Simple scripts for recognizing faces, and identifying people, across multiple video files.
Install dependencies:
pip install -r requirements
npm install
Put all your video files in a directory (i.e. /videos -- it can include subfolders, etc.). Create another directory for saving face images (i.e. /faces) to.
mkdir /videos /faces
#put all your video files (subfolders are fine) in /videos directory
Extract face images from video files:
./extract-faces --directory /videos --output /faces
(Depending on your system, and number of videos, this will take awhile to run.)
Group extracted images by face:
./group-faces --directory /faces --output faces.csv
The /faces directory now contains images of all images recognized from the videos, and faces.csv is a listing of each face image file and the unique face pictured.
It’s made up of a few scripts. Here’s more detailed usage details:
usage: extract-faces [-h] --directory DIRECTORY --output OUTPUT
[--processes PROCESSES] [--interval INTERVAL]
[--margin MARGIN] [--model {cnn,hog}]
[--tolerance TOLERANCE] [--upsample UPSAMPLE]
[--maxfaces MAXFACES] [--preview]
recursively scan directory, processing video files, recognizing faces and
exporting them to image files in an output directory
optional arguments:
-h, --help show this help message and exit
--directory DIRECTORY
path to directory containing videos (directory will be
scanned recursively, so sub-folders are fine)

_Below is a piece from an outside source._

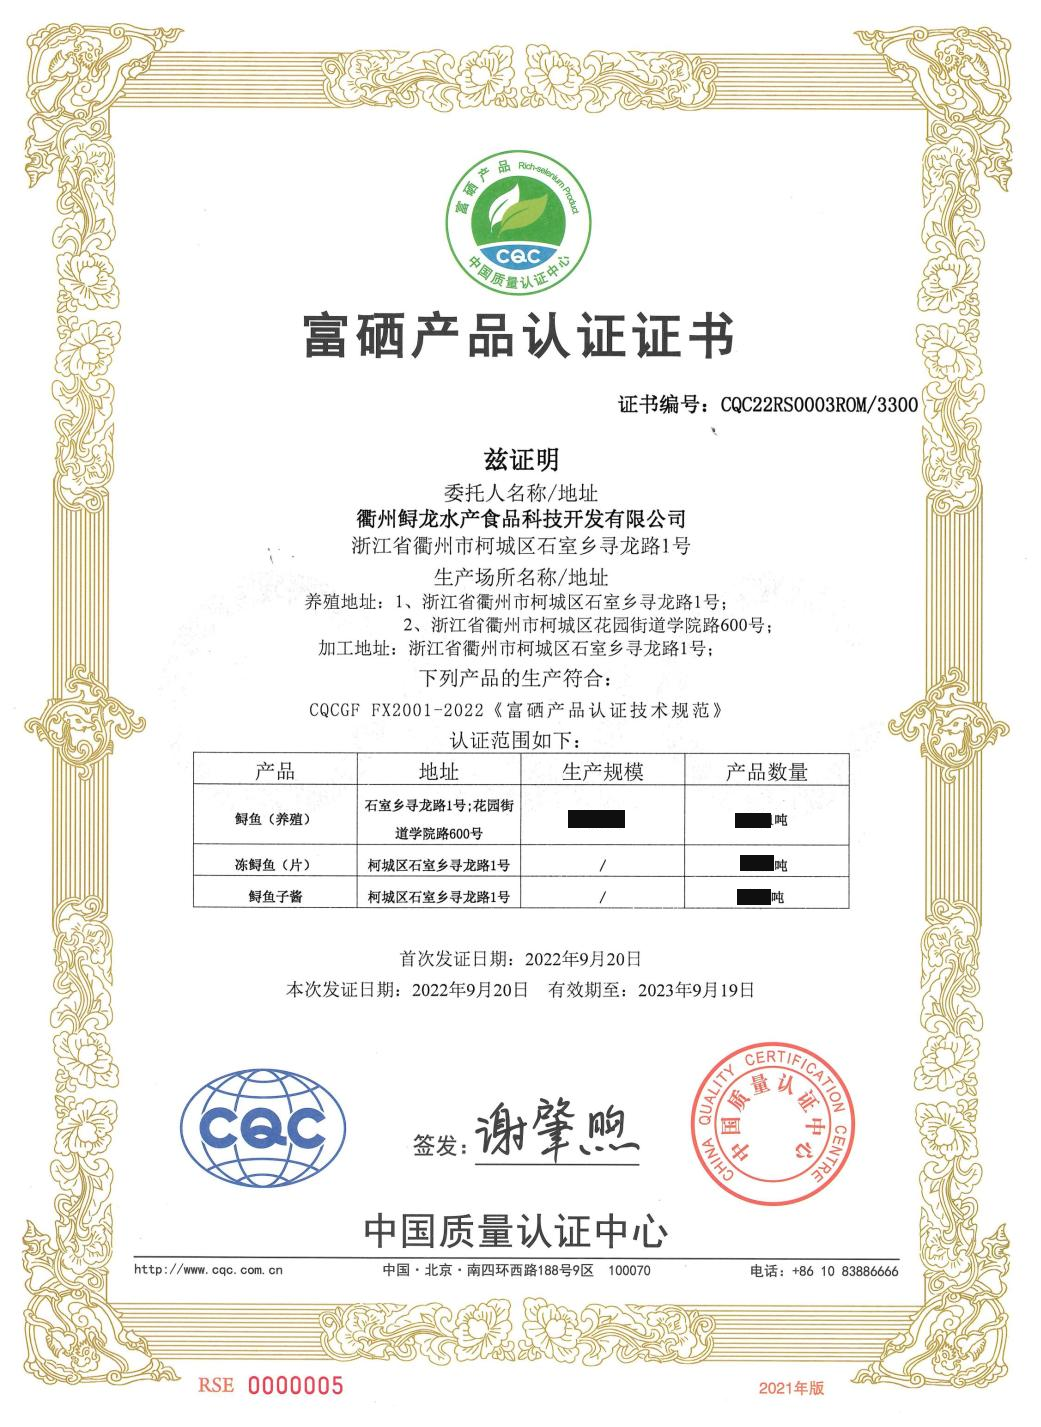 富硒产品认证证书（中文）-衢州鲟龙-有效期2022年9月20日-2023年9月19日_00.jpg
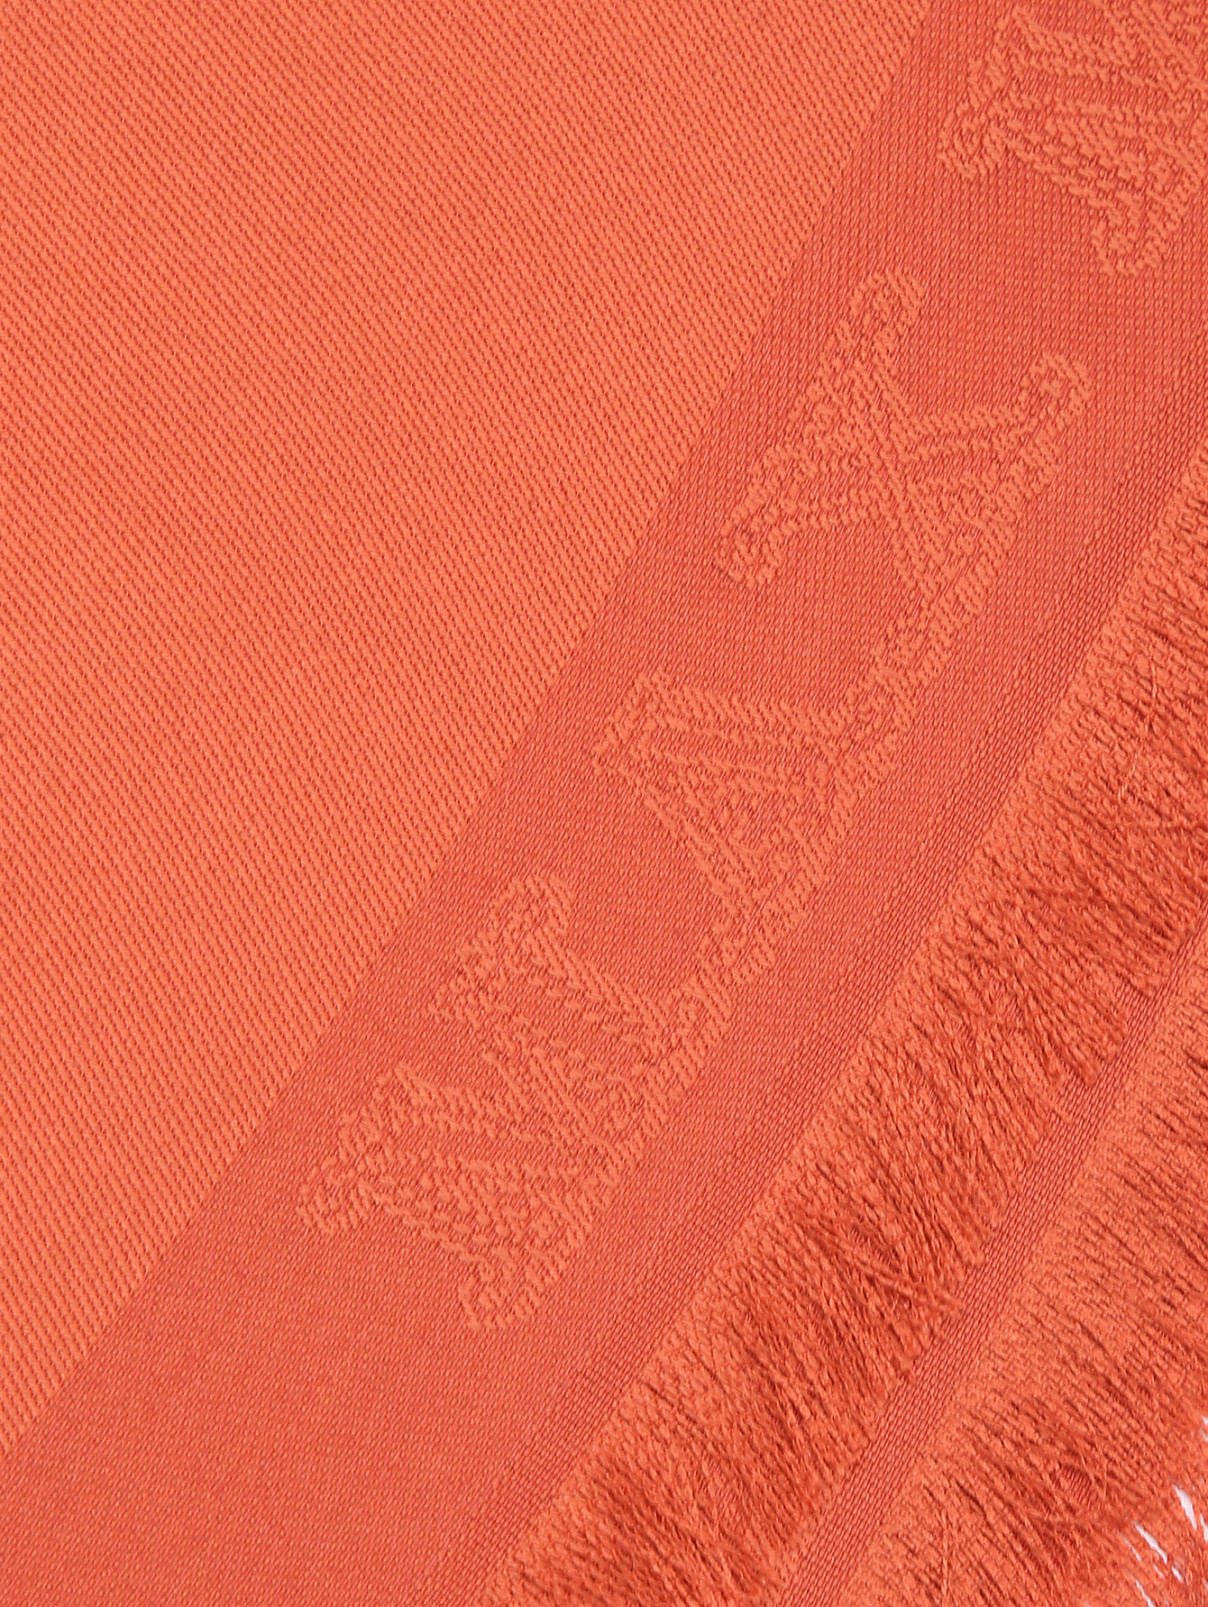 Шарф из шелка с логотипом Max Mara  –  Деталь  – Цвет:  Оранжевый

--output OUTPUT path to write face images to (creates directory if not
present)
--processes PROCESSES
number of videos to process in parallel, DEFAULT: 1
--interval INTERVAL milliseconds to skip between processing frames (i.e.
1000 will process one frame for every 1 second of
video, 0 will process all frames). DEFAULT: 1000
--margin MARGIN adds margin around face images equal to percent of
width and length (DEFAULT: 0.40, i.e. for a 100px by
100px face, a 140px by 140px image will be extracted)
--model {cnn,hog} which face detection model to use. "hog" is less
accurate but faster on CPUs. “cnn” is a more accurate
deep-learning model which is GPU/CUDA accelerated (if
available). The default is "hog"
--tolerance TOLERANCE
how much distance between faces to consider it a match
(lower numbers require greater similarity, DEFAULT:
0.9)
--upsample UPSAMPLE How many times to upsample the image looking for
faces. Higher numbers find smaller faces. (DEFAULT: 1)
--maxfaces MAXFACES maximum images number of the same face to export.
(DEFAULT: 10, higher numbers will export more images
of the same person as it scans more frames)
--preview show video preview while processing, DEFAULT: false
For each video file, a subdirectory is created in the output path, named the
checksum of the video path (i.e. directory/test.mp4 ->
output/17f53613b2b25b29d192d5b11bc77459). For each video file, when a face is
recognized, it is compared to other recognized faces. Each unique person is
assigned an id. Face images are exported as PNG files named as
output/<checksum of video path>/<id of person>_<ms timestamp of video>.png
(i.e. "output/17f53613b2b25b29d192d5b11bc77459/31_5333.png")
usage: group-faces [-h] --directory DIRECTORY --output OUTPUT
[--model {cnn,hog}] [--tolerance TOLERANCE]
compare face images in directory, group by similarity (i.e. same person), and
output CSV file of groupings
optional arguments:
-h, --help show this help message and exit
--directory DIRECTORY
path to directory face images (directory will be
scanned recursively, so sub-folders are fine)
--output OUTPUT path to write CSV file to
--model {cnn,hog} which face detection model to use. "hog" is less
accurate but faster on CPUs. “cnn” is a more accurate
deep-learning model which is GPU/CUDA accelerated (if
available). The default is "hog"
--tolerance TOLERANCE
how much distance between faces to consider it a match
(lower numbers require greater similarity, DEFAULT:
0.9)
All image files in directory are scanned for faces. When a face is recognized,
it is compared to other recognized faces. Each unique face is assigned an id.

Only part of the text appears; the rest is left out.